Los periodistas no son jueces

Por: Redacción Digital



Que un presidente de la República decida destituir a un funcionario tras el ruido provocado por un reportaje periodístico es una determinación personal y, como tal, respetable. No obstante, la aniquilación moral de ese funcionario en las redes sociales y en la opinión pública poco tiene que ver con la veracidad comprobada de los hechos.
El periodismo responsable expone información, aporta evidencias y despierta el debate público, pero no sustituye a la justicia. Cuando en un reportaje se presentan indicios o pruebas, es imprescindible conceder el derecho a la defensa. Solo después de un proceso legal, con un dictamen firme, la sociedad puede —si así corresponde— emitir un juicio moral. Antes de eso, cualquier condena pública es prematura y peligrosa.
Las leyes están escritas y, aunque persistan dudas y desconfianza sobre el sistema de justicia dominicano, es ese poder del Estado —y no el tribunal de las redes— el llamado a decidir la suerte de una persona. Saltarse ese proceso es abrir la puerta al linchamiento social y a la injusticia.

En mayo de 2025, el segundo tribunal colegiado de República Dominicana declaró “sentencia absolutoria” a favor de la venezolana Karla María Moya Boada y a la entidad social “Láser Point Rejuvenation Center”, que lleva su nombre, luego que saliera una invitestigación de Nuria Piera, en la que se le acusó de ejercer la medicina sin estar autorizada en el país.

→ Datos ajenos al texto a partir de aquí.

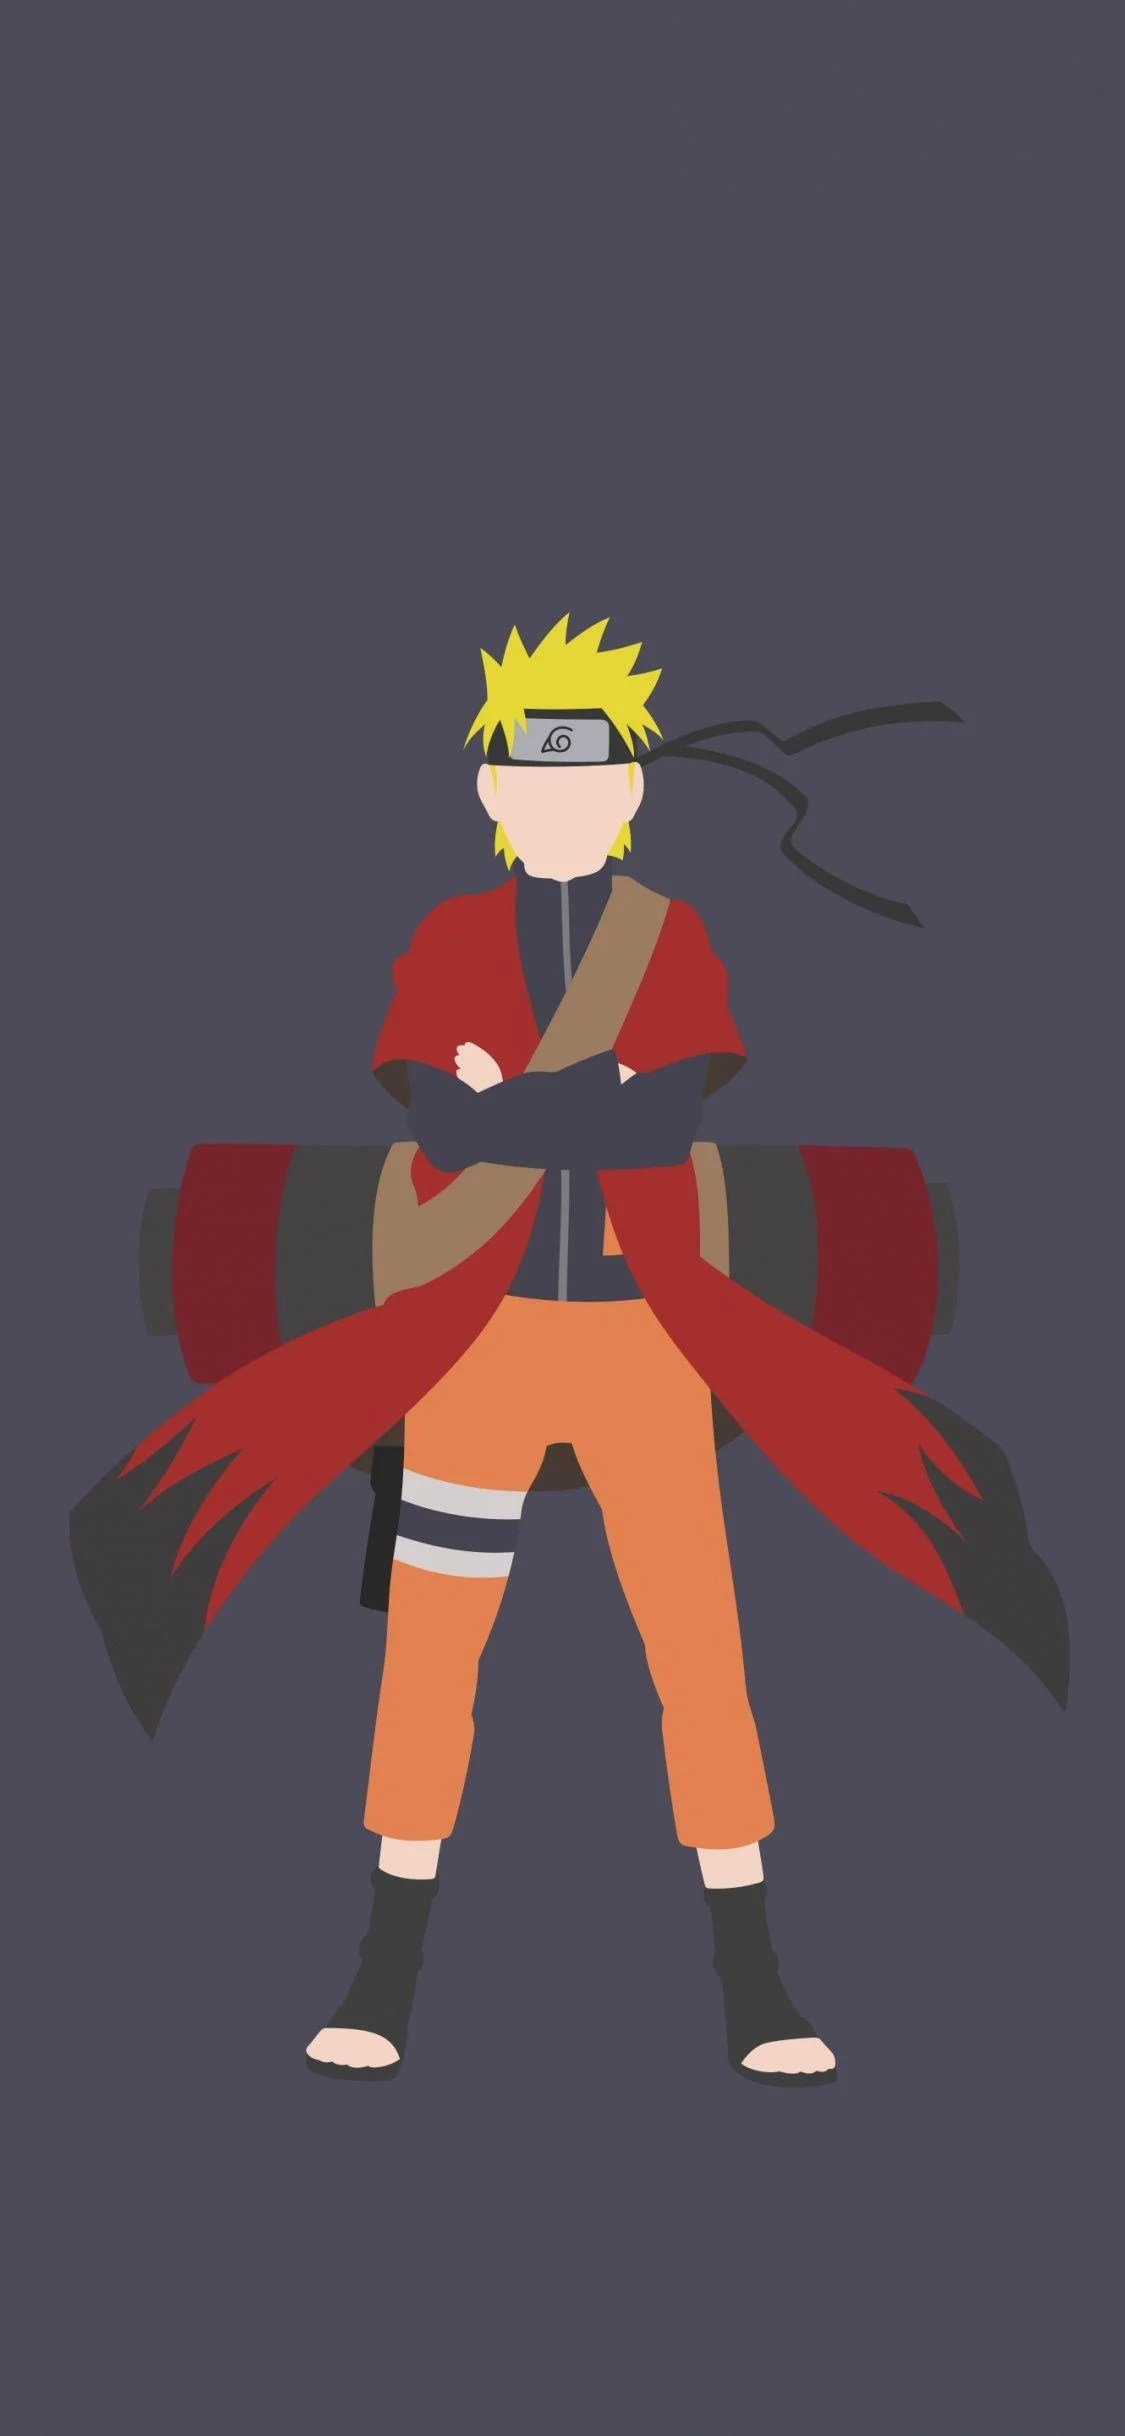 Naruto Wallpaper For Phone   Download Naruto Wallpaper Phone ...

La sentencia fue definitiva por ser la segunda de descargo a favor de la acusada.

Ahí está el caso del exadministrador de la Lotería Nacional, Michel Dicent, quien fue absuelto por la justicia dominicana tras un proceso en el que fue eliminado social, política y moralmente, mucho antes de que se conociera una sentencia.
Algo similar ocurre con Rafael Feliz, exrector del ITLA, a quien no se le ha dado la oportunidad de defenderse ante la opinión pública. Para muchos ya es culpable, un ladrón sentenciado sin juicio, cuando el Ministerio Público aún no ha concluido su investigación y no existe una decisión judicial.
Así vivimos en una sociedad que vibra intensamente en la era de la información inmediata, donde la presunción de inocencia suele perderse entre titulares, comentarios y juicios apresurados. Solo cuando el problema toca nuestra propia puerta exigimos prudencia y justicia; mientras tanto, para los demás, el veredicto suele ser implacable.
El periodismo informa e investiga. La justicia juzga. Confundir esos roles nos coloca a todos en riesgo.